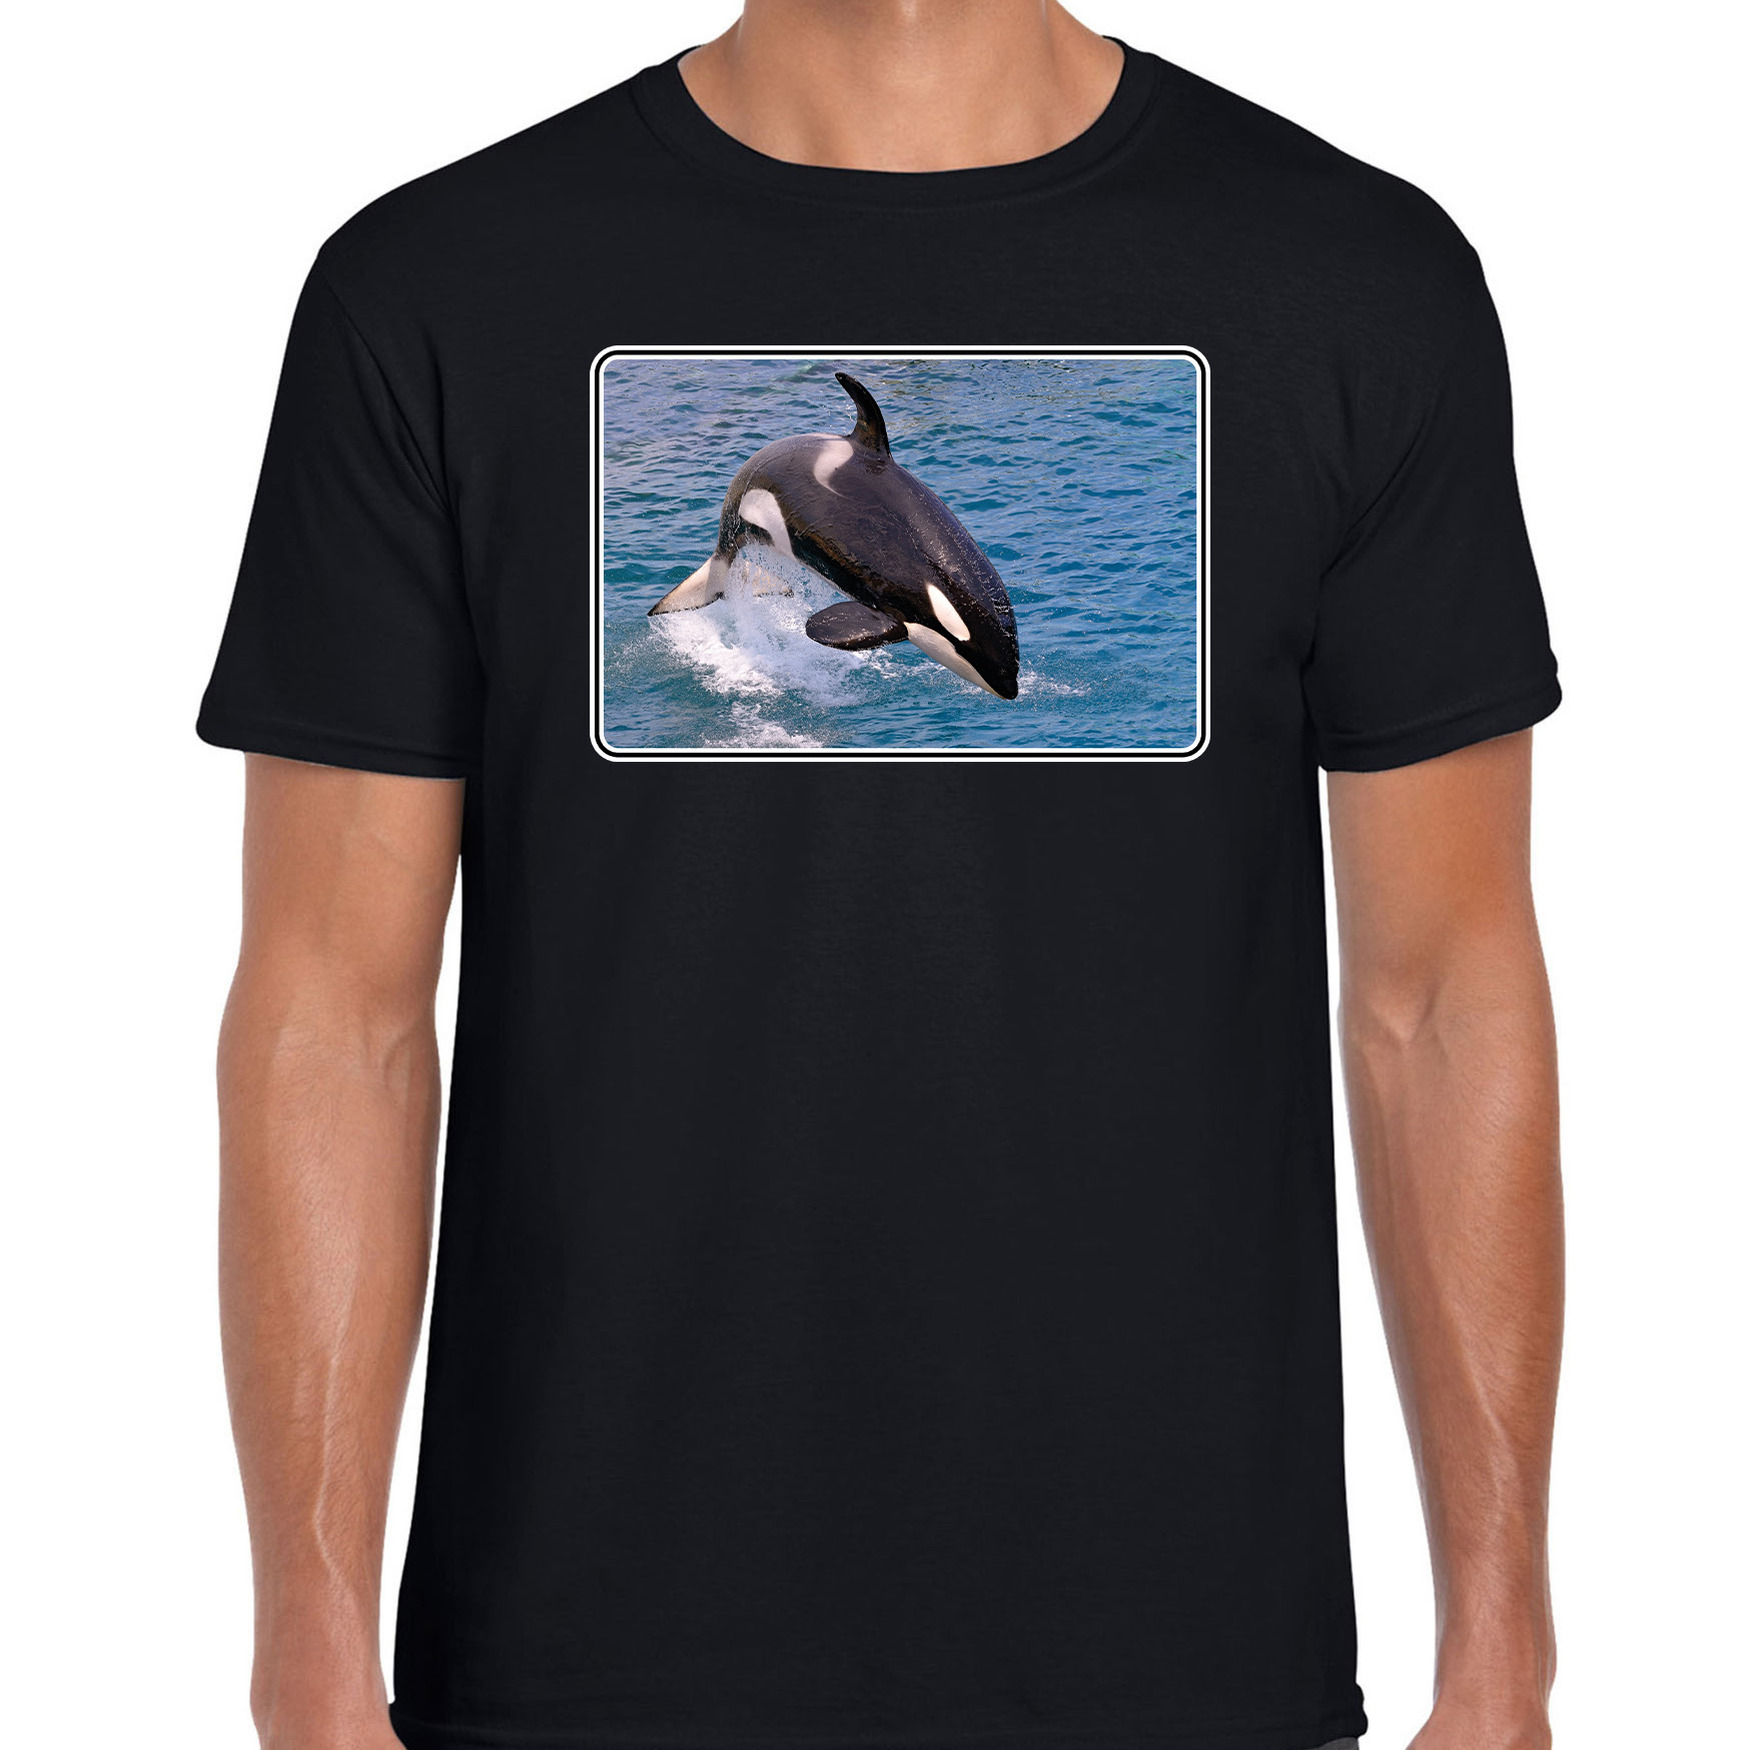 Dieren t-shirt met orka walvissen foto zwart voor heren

◇ ◇ ◇

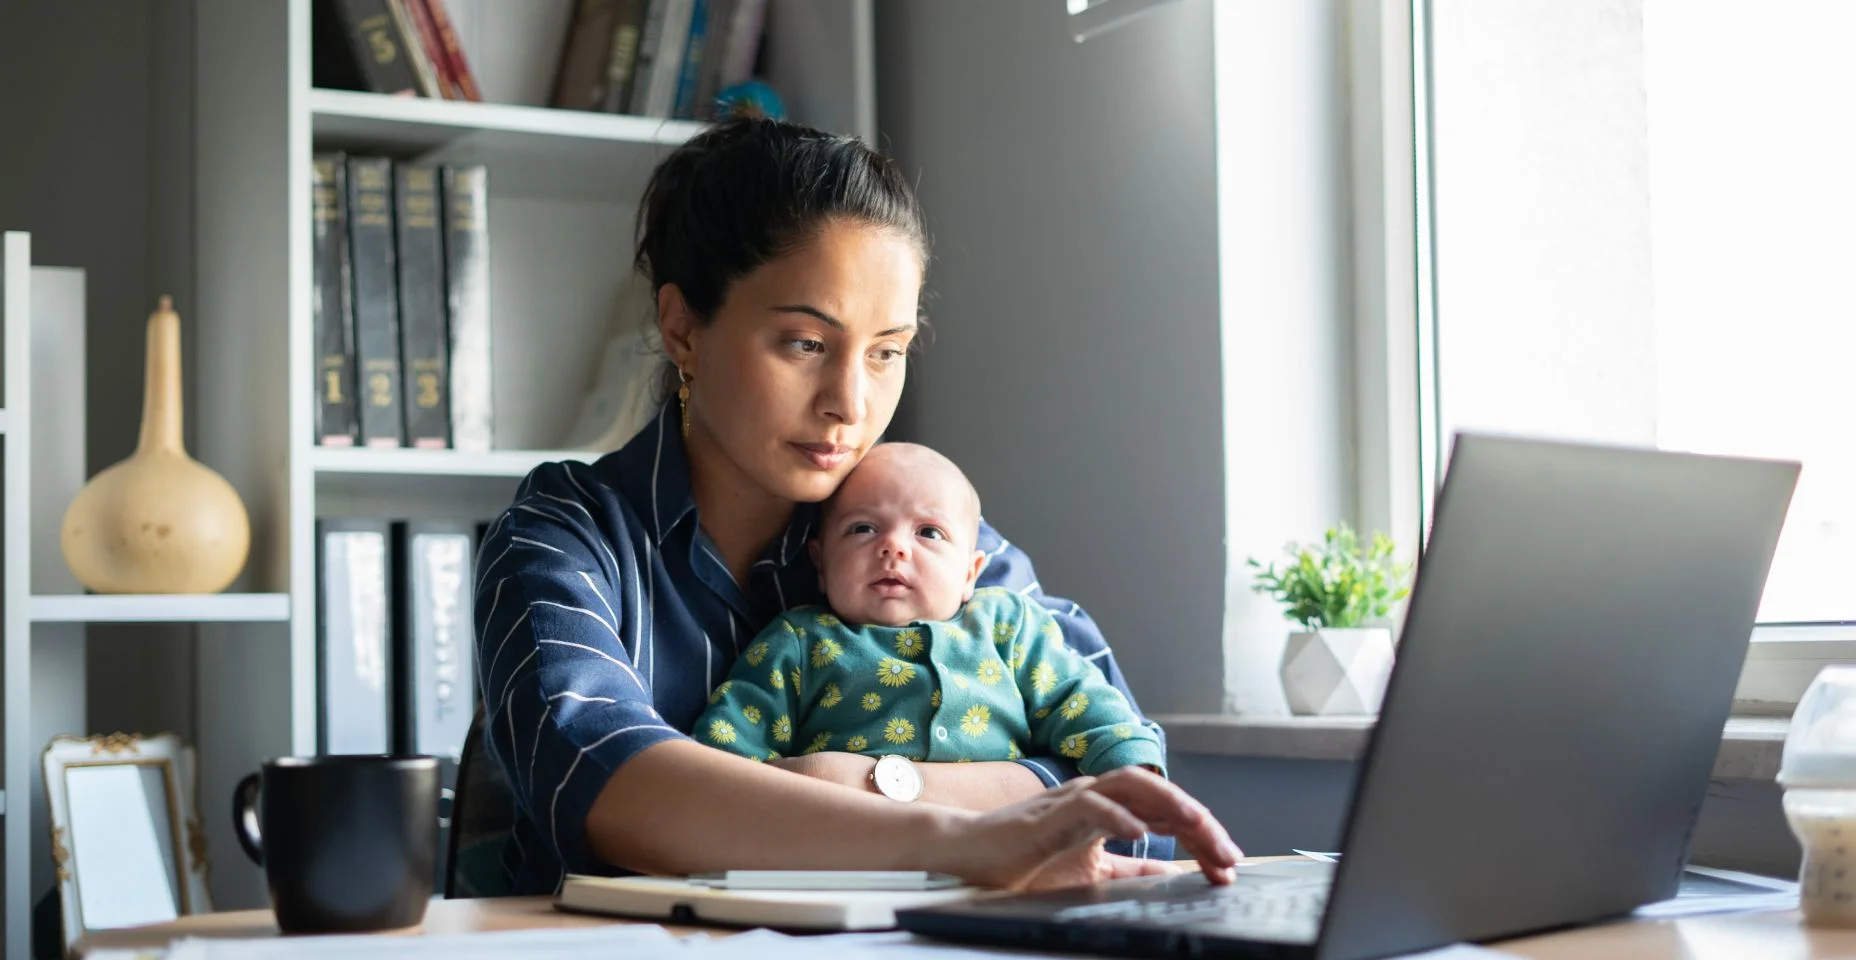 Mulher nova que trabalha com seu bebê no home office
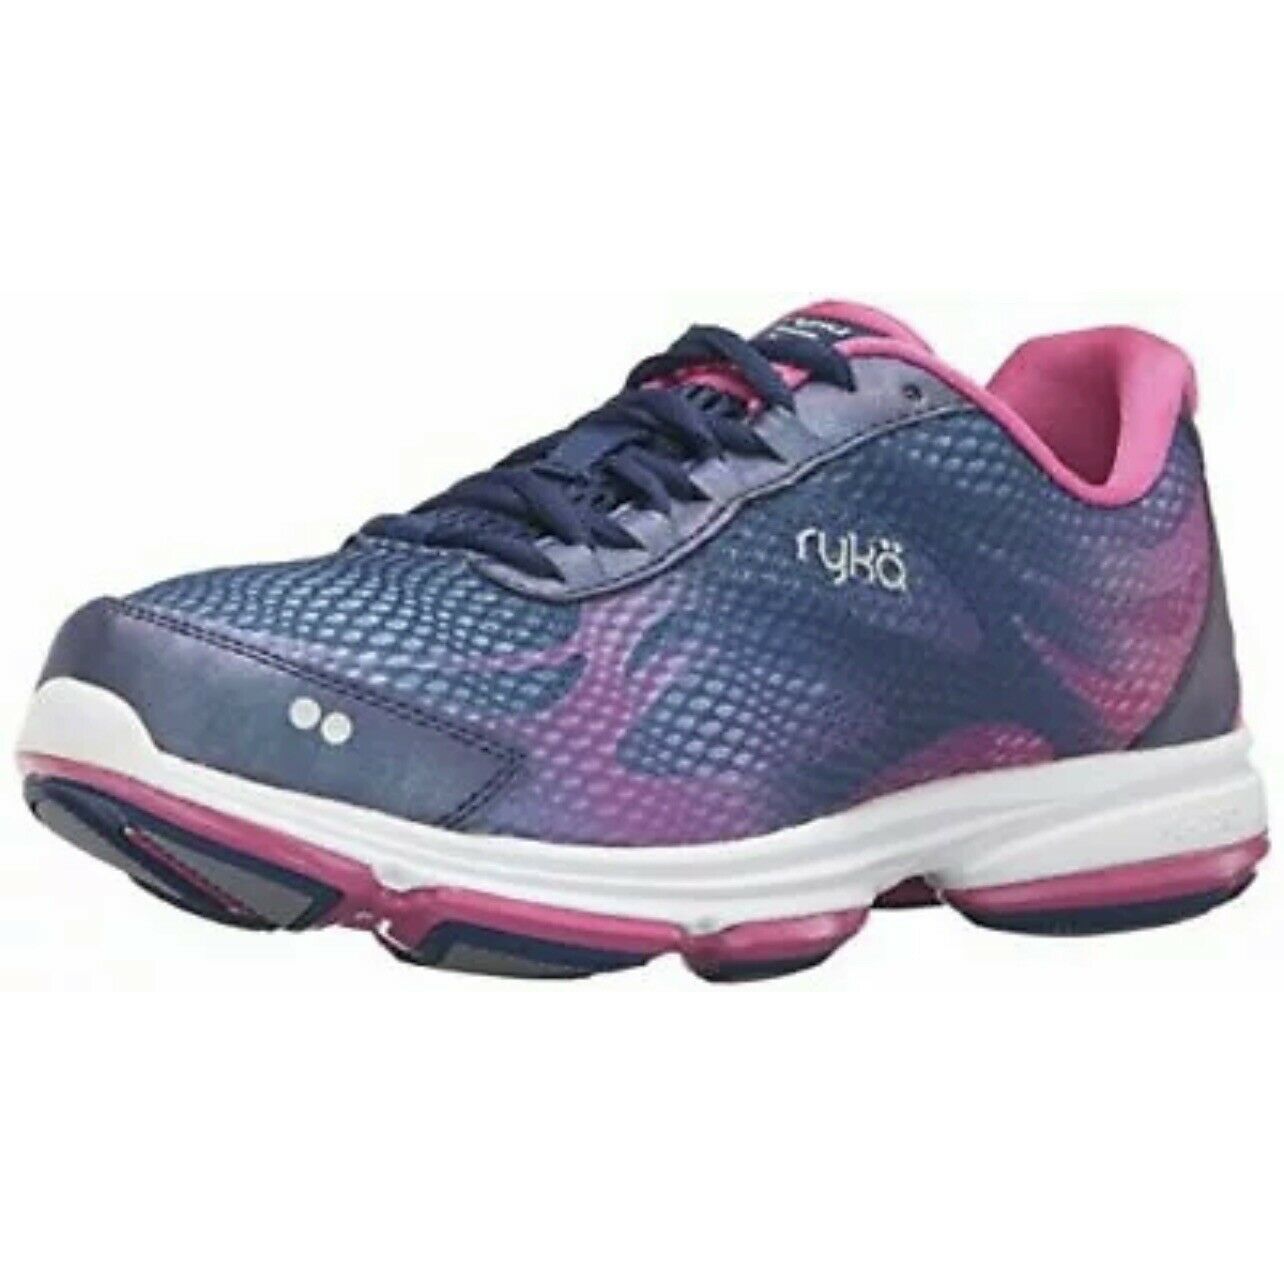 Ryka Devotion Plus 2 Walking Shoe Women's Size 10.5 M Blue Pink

◇ ◇ ◇

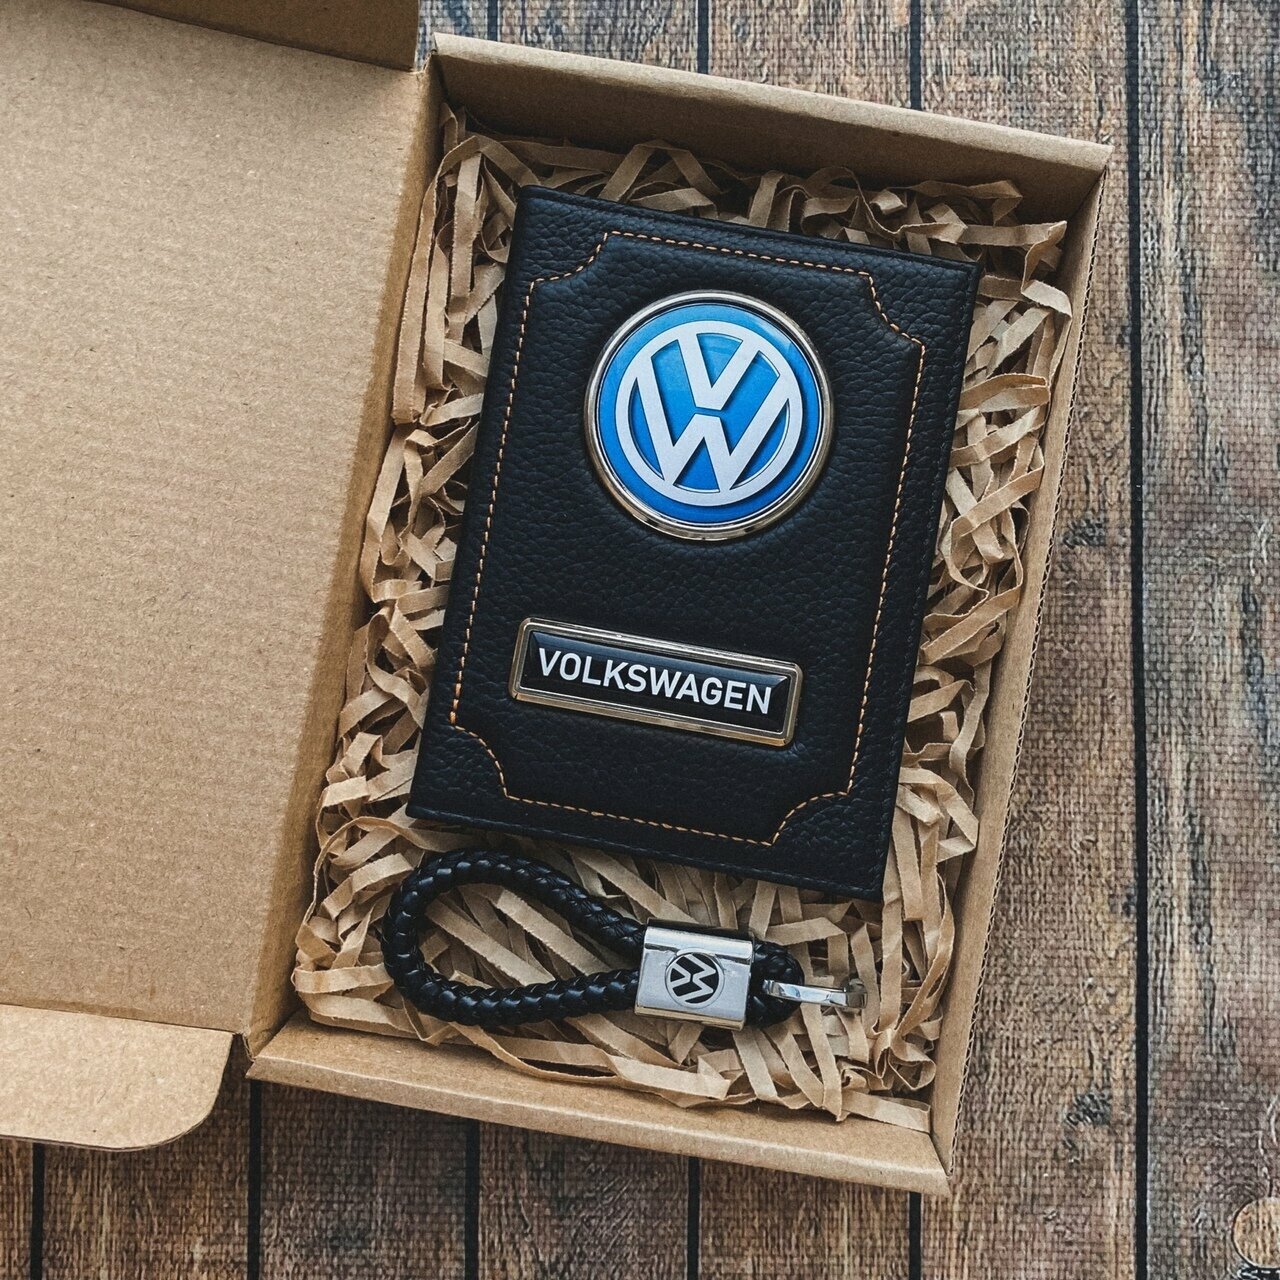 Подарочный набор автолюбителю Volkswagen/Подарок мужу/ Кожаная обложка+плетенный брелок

◇ ◇ ◇

Work instruction: Reproduce the data above exactly, but only from the line containing "Mulher nova que" through the line containing "Ryka Devotion Plus". Omit all pictures.

Output below:
 Mulher nova que trabalha com seu bebê no home office
 Ryka Devotion Plus 2 Walking Shoe Women's Size 10.5 M Blue Pink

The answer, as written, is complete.